Dzięki genialnemu posunięciu marketingowemu Colina Chapmana Lotus podpisuje umowę partnerską z firmą tytoniową John Player Special. Kolor opakowań (czarny ze złotym logo) jest bezpośrednio naniesiony na karoserię Lotusa 72, prowadzonego przez Emersona Fittipaldiego i Dave'a Walkera. Brazylijczykowi ten wybór podoba się umiarkowanie. 

„Kiedy po raz pierwszy zobaczyłem JPS, byłem zszokowany. Powiedziałem Colinowi, że wygląda jak trumna i że wystarczyło dodać cztery uchwyty po bokach…”
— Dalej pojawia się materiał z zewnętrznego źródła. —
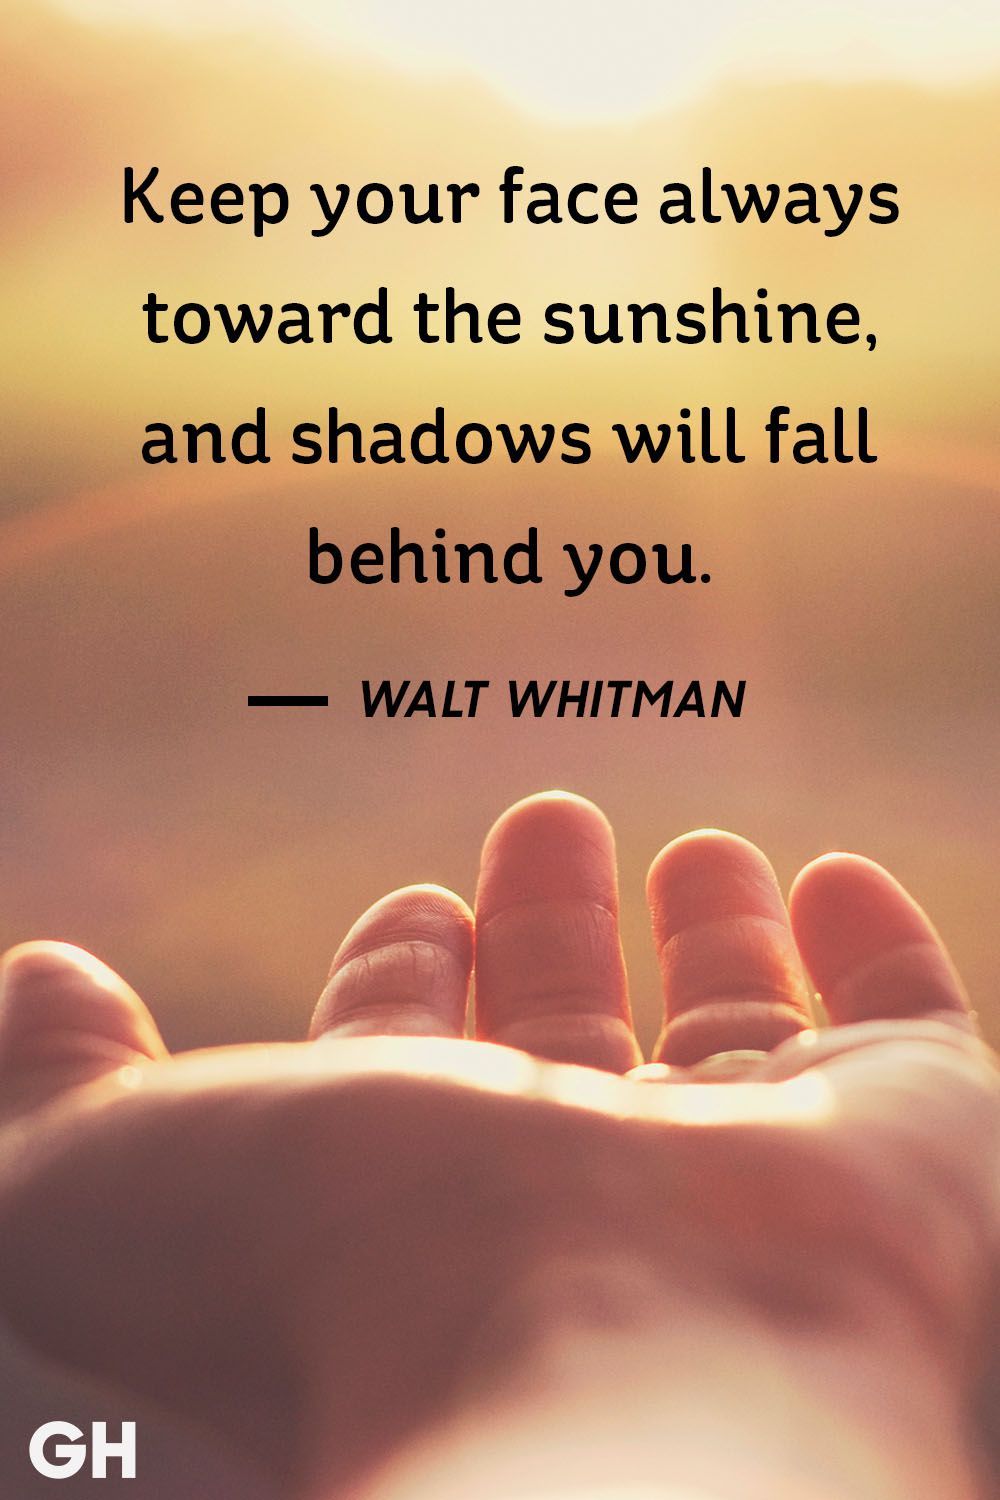 walt-whitman-inspirational-quote.jpg

Nieważne, mieszkaniec Sao Paulo szybko zapomina o tym wizualnym szoku i zmierza w stronę tytułu mistrza świata. Legendarna dekoracja sportu, Lotus JPS przetrwa 14 lat bez ruszania się ani o jotę, nie denerwując fanów oryginalności. 

Medhiego Casauranga

Pasjonat historii sportów motorowych we wszystkich dyscyplinach, nauczyłem się czytać dzięki AUTOhebdo. Przynajmniej tak mówią wszyscy moi rodzice, kiedy widzą moje imię w środku!

0 Zobacz komentarze)

Aby przeczytać także

komentarze

*Przestrzeń zarezerwowana dla zalogowanych użytkowników. Proszę vous connecter aby móc odpowiedzieć lub opublikować komentarz!